Tutti con Napolitano, ma il Pdl ne approfitta per tentare di incassare la legge sulle intercettazioni, grande incompiuta della legislatura. Subito l’anomala maggioranza che sostiene Monti si divide, come sempre avviene sulla giustizia. Alfano definisce “indecorose e indegne” le telefonate che “sfiorano” il Quirinale, ma attacca Casini e le sue “lacrime di coccodrillo” perché non ha sostenuto a sufficienza il vecchio ddl sugli ascolti, fonte di grande contrasto – bisogna ricordarlo – proprio tra Berlusconi e il Quirinale perché il bavaglio disegnato dall’ex guardasigilli Alfano avrebbe colpito a morte sia la possibilità di fare indagini che il lavoro della stampa. Ma oggi torna l’emergenza sulle conversazioni registrate, Napolitano ipotizza una riforma bipartisan, ma l’intesa appare già impossibile.
Non sarà la prossima settimana quella giusta per aprire il libro della legge sulle intercettazioni. Domani il ministro della Giustizia Paola Severino vola a Washington e ci resterà per cinque giorni. Sulle intercettazioni ha già impartito ordini precisi al suo staff in via Arenula che ruotano su due verifiche decisive per poter andare avanti. La prima: un monitoraggio sui processi più famosi in corso per capire in quale momento sono state diffuse le telefonate registrate e se questo è in regola con l’attuale legge oppure già la viola e che spazi di manovra si aprono per quella futura. L’idea di Severino è che già adesso le anomalie ci sono. La seconda verifica riguarda il vecchio ddl Alfano, oggi in stand by in aula a Montecitorio, e quanto di quel testo può effettivamente essere ancora cambiato dopo il doppio voto di Camera (11 giugno 2009) e Senato (10 giugno 2010) tra le proteste del popolo viola e la battaglia dei post-it di Repubblica. Le regole parlano chiaro, nessuna parte che abbia ricevuto una “doppia lettura conforme” può essere modificata. Potrebbe nascere qui la grossa sorpresa: Severino, garantiscono nel suo entourage, proprio per superare intoppi procedurali, starebbe pensando anche a un suo testo ex novo, un ddl Severino, che pigli solo il buono del vecchio testo. Comunque faccia, Antonio Di Pietro già si mette di traverso e boccia un eventuale progetto che imbavagli la stampa dandole la possibilità di pubblicare gli ascolti “a fine inchiesta quando magari la gente condannata è stata pure candidata”.

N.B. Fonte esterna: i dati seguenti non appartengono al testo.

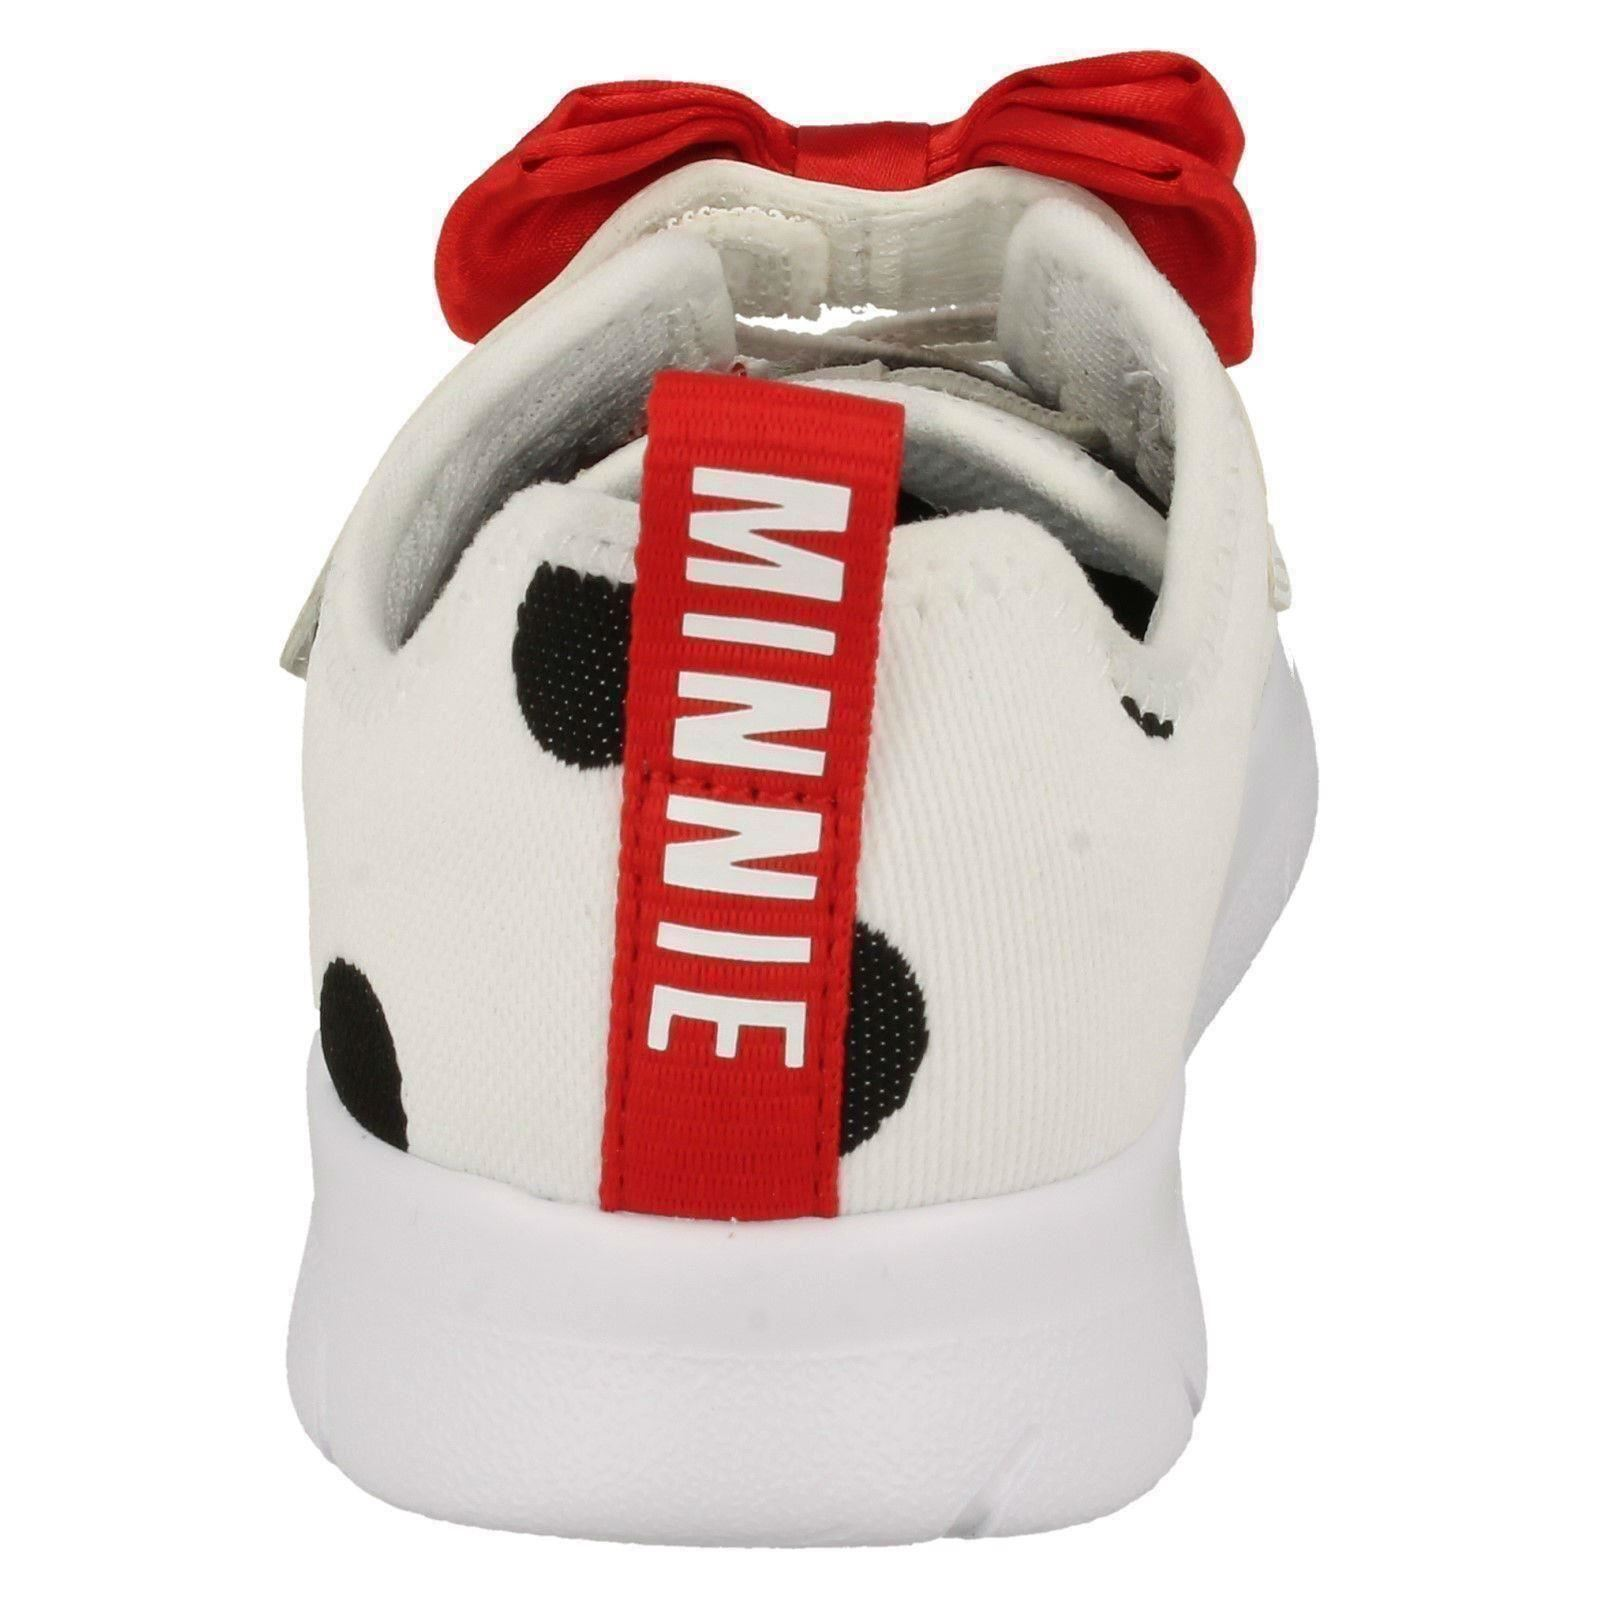 Ragazze Clarks Disney Minnie Mouse Fiocco Dettagliato Scarpe Sportive Ath

Un fatto è certo, perfino sul metodo per affrontare di nuovo la scottante pratica delle intercettazioni la divisione è profonda. Tant’è che la Pd Donatella Ferranti mette subito una zeppa sull’ipotesi di ripescare i testo Alfano. Chiede che, dall’aula, quell’articolato “torni in commissione” perché così com’è non “all’altezza”. La pidiellina Santelli la brutalizza, la chiama ex pm e sostiene che il Pd “vuole solo mantenere il far west attuale”.
La partita si complica prima ancora che l’arbitro dia il fischio di avvio. E il peso delle divisioni emerge con nettezza pur nelle ore in cui Pdl e Pd stanno dalla stessa parte nel sostenere Napolitano. Ecco Bersani dire che bisogna “evitare manovre sul Quirinale, oggi presidio della democrazia”. Espressioni condivise dal presidente del Senato Schifani per il quale “attaccare Napolitano è attaccare Italia” e dal segretario del Pdl Alfano che subito se la prende con Casini e lo sfida “a promuovere una legge”.
Il leader centrista sta col Colle e vede in azione “schegge della magistratura con obiettivi intimidatori”, ma sulle intercettazioni replica ad Alfano che le leggi fatte da Berlusconi sulla giustizia “erano finalizzate solo ai suoi processi”. In compenso si trova d’accordo con il capogruppo Pdl alla Camera Cicchitto che vede in atto “un’indecente operazione di intossicazione e di depistaggio” e che se la prende con il procuratore aggiunto di Palermo Ingroia, uno dei suoi obiettivi preferiti. Sarà proprio Cicchitto, già in settimana, a chiedere che l’aula affronti subito il nodo delle intercettazioni andando al voto. E qui lo scontro col Pd sarà inevitabile.